In HVAC, conduction occurs through walls, roofs, floors, and equipment casings — addressed through insulation and proper building design.

💨

Convection

Heat transfer between a solid surface and a moving fluid (liquid or gas).

Natural Convection

Caused by buoyancy — warmer, lighter fluid rises; cooler, denser fluid sinks.
No mechanical input required.

Forced Convection

Driven by mechanical means — fans and pumps.
Used in evaporator and condenser coils; coil design and airflow rate both strongly influence performance.

☀️

Radiation

Heat transfer via electromagnetic waves (infrared) — requiring no physical medium. All bodies above absolute zero emit radiant energy; the net exchange depends on surface temperature, emissivity, and view factors.

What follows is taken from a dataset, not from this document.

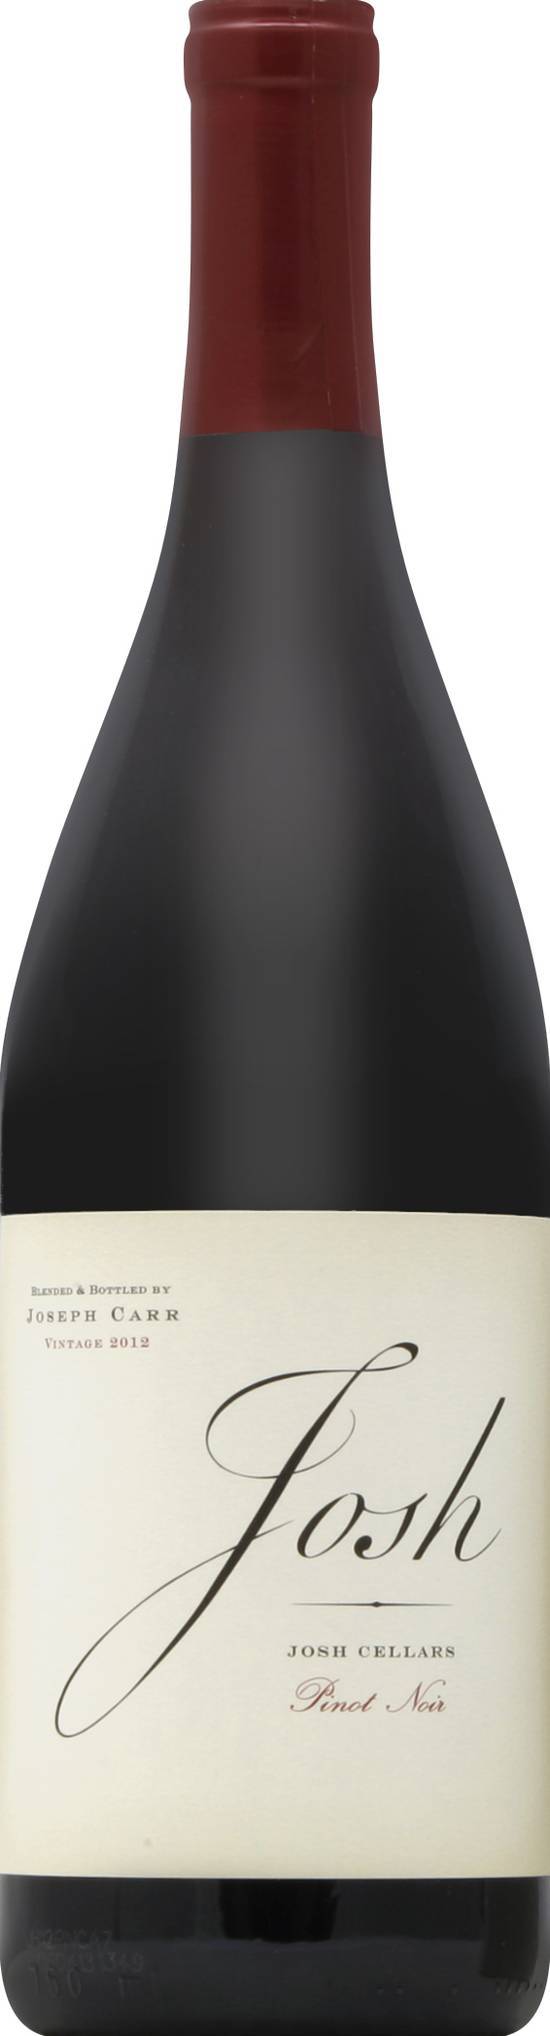 Josh Cellars Pinot Noir Red Wine 2012 (750 ml)

In comfort applications, radiant heat from the sun, equipment, and building surfaces contributes to internal loads and must be considered in equipment sizing.

📈

Factors Affecting Rate of Heat Transfer

Temperature difference between the two media.
Heat transfer area — e.g. coil surface area.
Thermal conductivity of materials and cleanliness of surfaces (fouling reduces transfer).
Fluid velocity on both sides of a heat exchanger.
Type of flow (laminar vs turbulent) and fluid properties (viscosity, specific heat).

🔧

Field Practice

Technicians improve heat transfer by ensuring proper airflow, clean coils and filters, correct refrigerant charge, and adequate water/glycol flow in hydronic systems.